Linda Brothwell is a visual artist based at Spike Island in Bristol who works internationally. She trained in goldsmithing, silversmithing, metalwork and jewellery and is interested in heritage, place-making and how people look after their surroundings. Her multi-disciplinary practice casts her as a maker of objects, tools and publicly sited interventions.
Her focus for Bristol Beacon is to create a work for the façade of the Lantern building.
Linda says: “This will be the first permanent public artwork that I’ve done in the UK and it’s particularly meaningful to me that it will be in the city in which I’ve lived and worked for almost a decade.
“I wanted to look at the history of the building, what’s happened around it and on this street during its history and use that narrative to create an elegant and joyful solution on a scale appropriate to the building. The piece I’m creating is being developed with a high quality of craftsmanship, with exquisite detail and colour, using materials that are sympathetic to and resonate with both the building and the city.”
Linda's multi-disciplinary practice casts her as a maker of objects, tools and publicly sited interventions. In the past ten years she has been pioneering a new understanding of the significance of British crafts skills and tools illustrating the importance of their value to economic, social and cultural development.
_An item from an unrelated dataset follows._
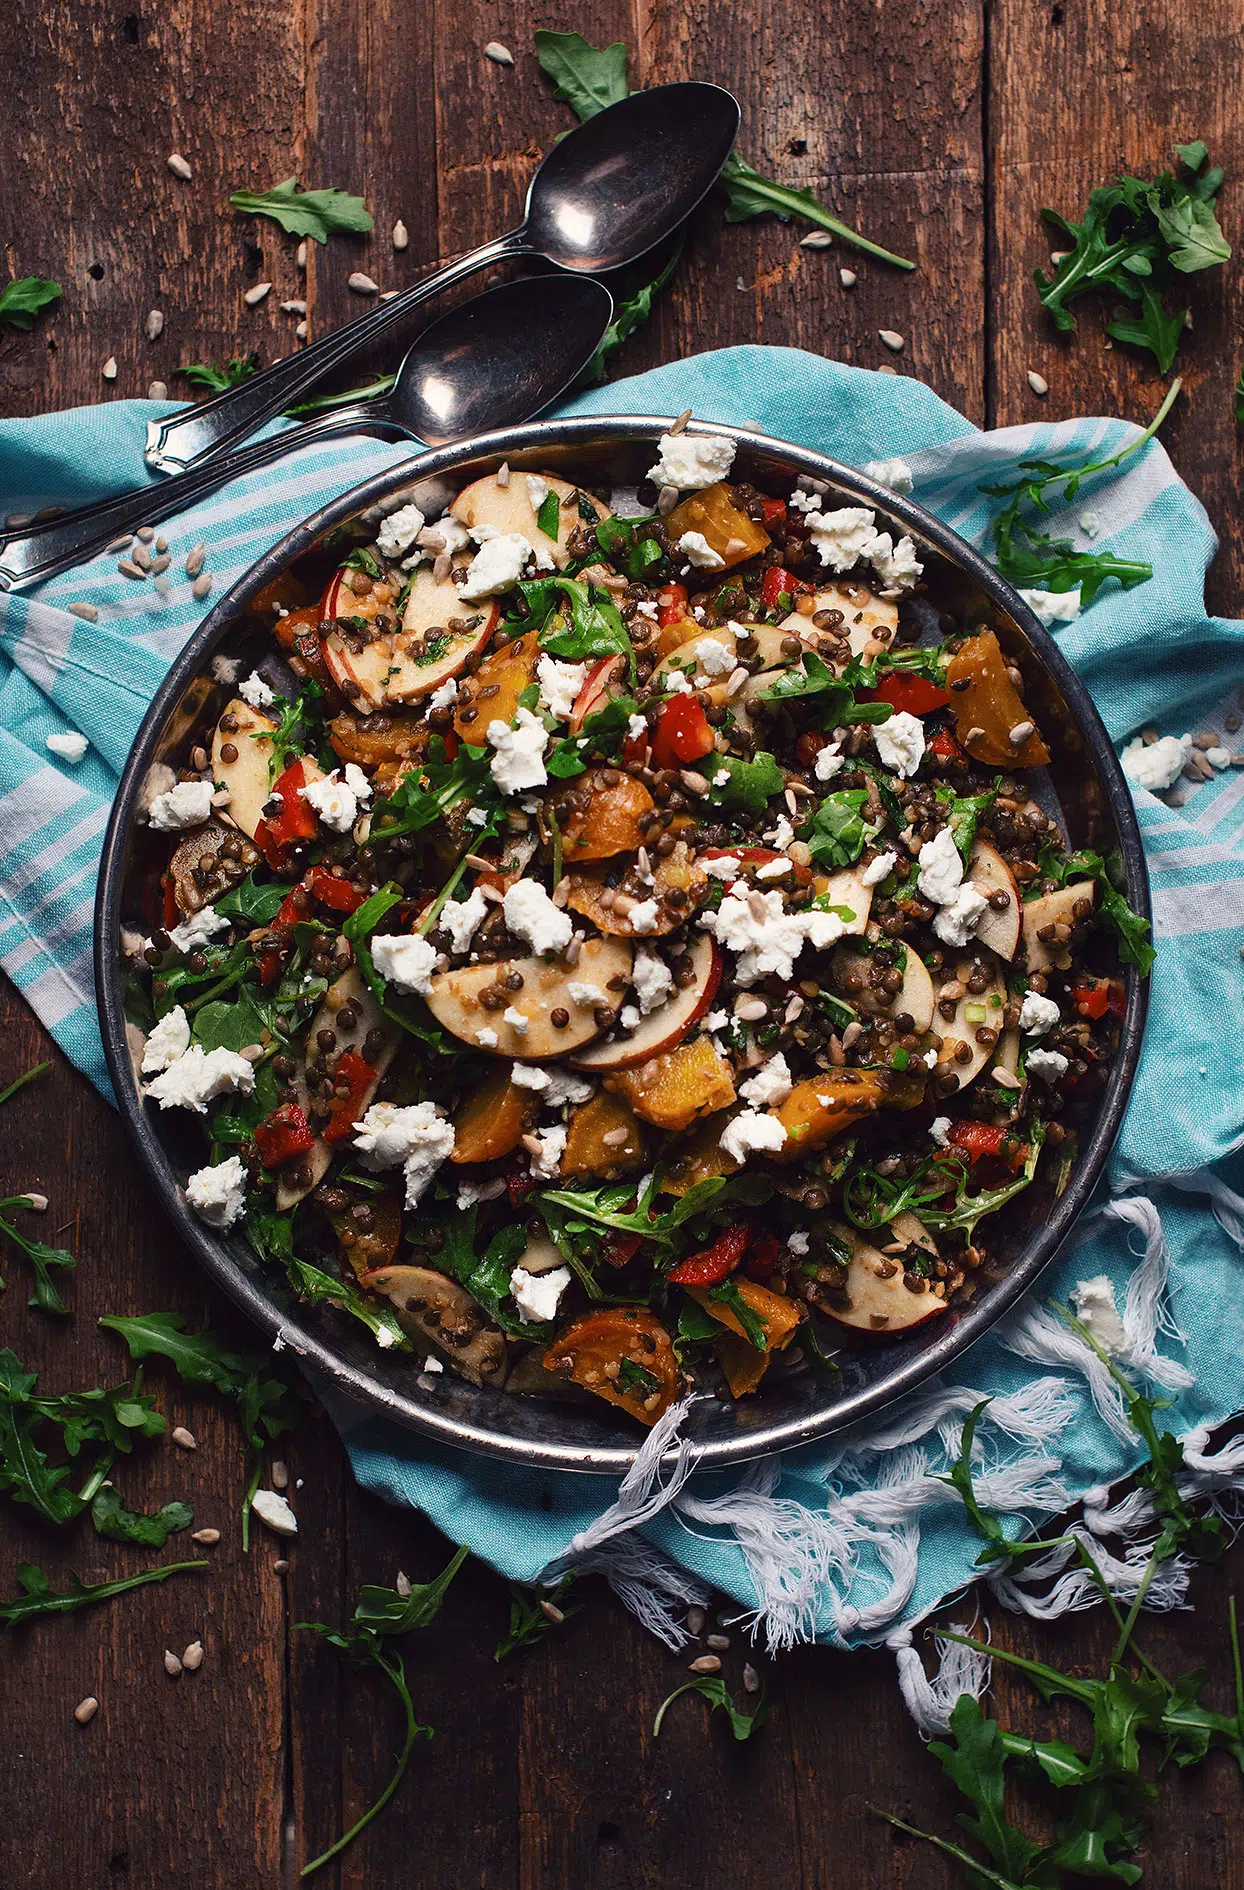 Lentil, apple and beet salad with goat cheese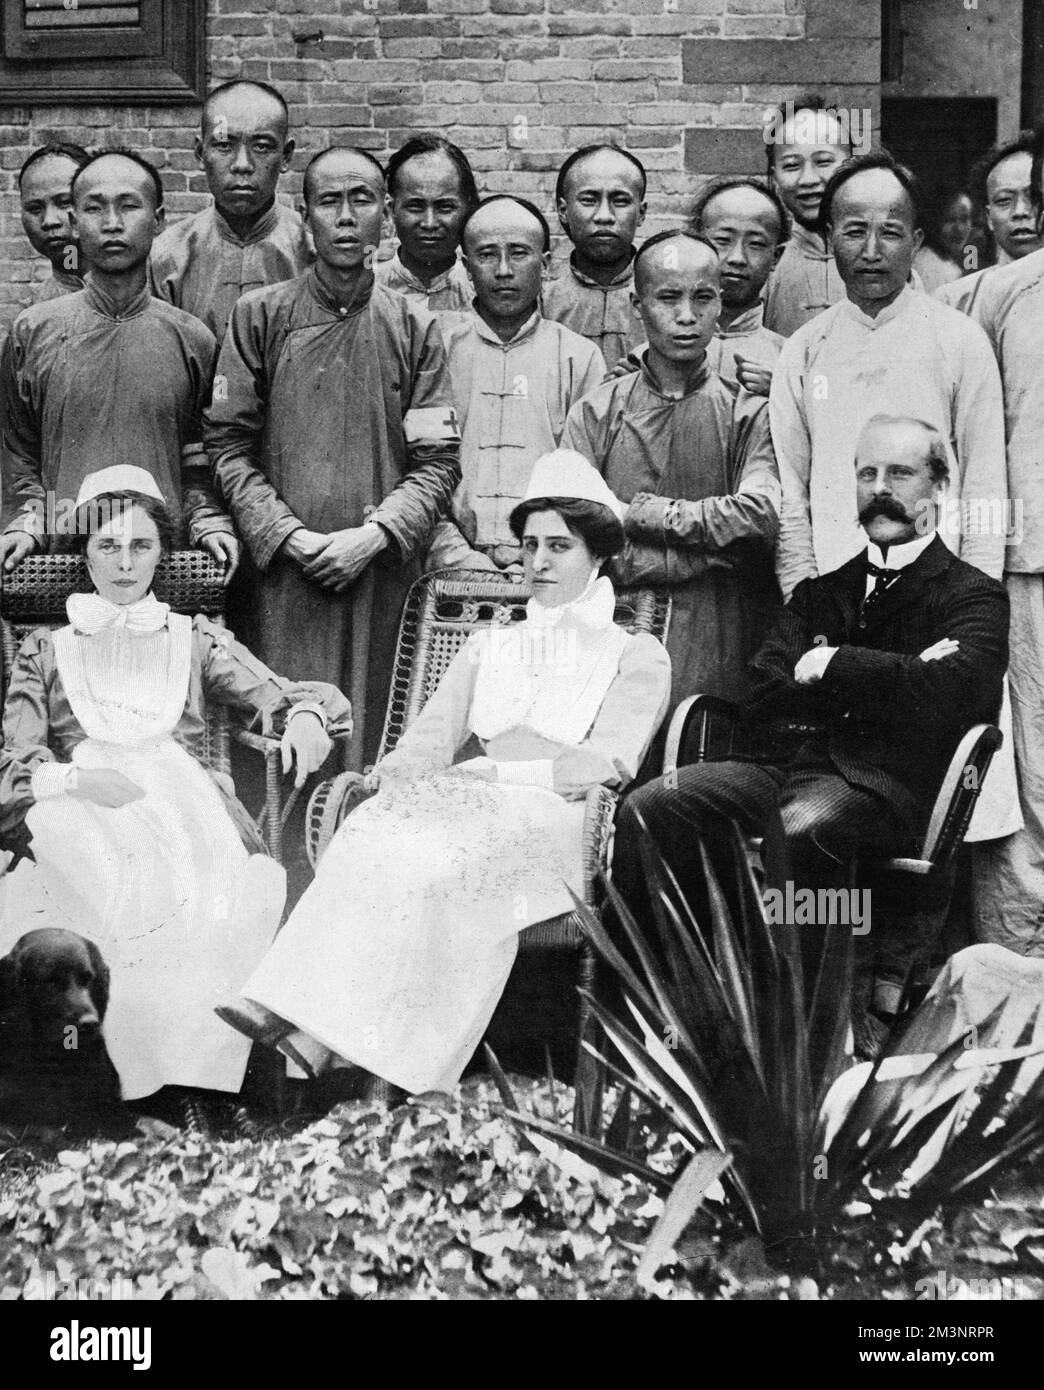 Dr. W. A. Tatchell pictured with two nurses, all from the Wesleyan Men's Hospital in Hankow, who rescued wounded and blinded inmates from the hospital under fire from insurgents during the Chinese Revolution of 1911. Dr. Tatchell was in China with Dr. Robert T. Booth and wrote a book about Dr. Booth entitled 'Booth of Hankow'        Date: 1911 Stock Photo

She trained in Goldsmithing, Silversmithing, Metalwork and Jewellery. She works primarily to commission and is interested in heritage, place-making and how people look after their surroundings as evidenced in her series of works “Acts of Care” in which she ‘replaces’ missing letters within signage on iconic buildings. This series initiated a repair movement in the arts and earned recognition through international gallery support, the Jerwood Makers Open (2013) and a place on the Design of the Year shortlist (2009).
Linda is a graduate of The Royal College of Art, where she is now a lecturer, and a Churchill Fellow since 2019.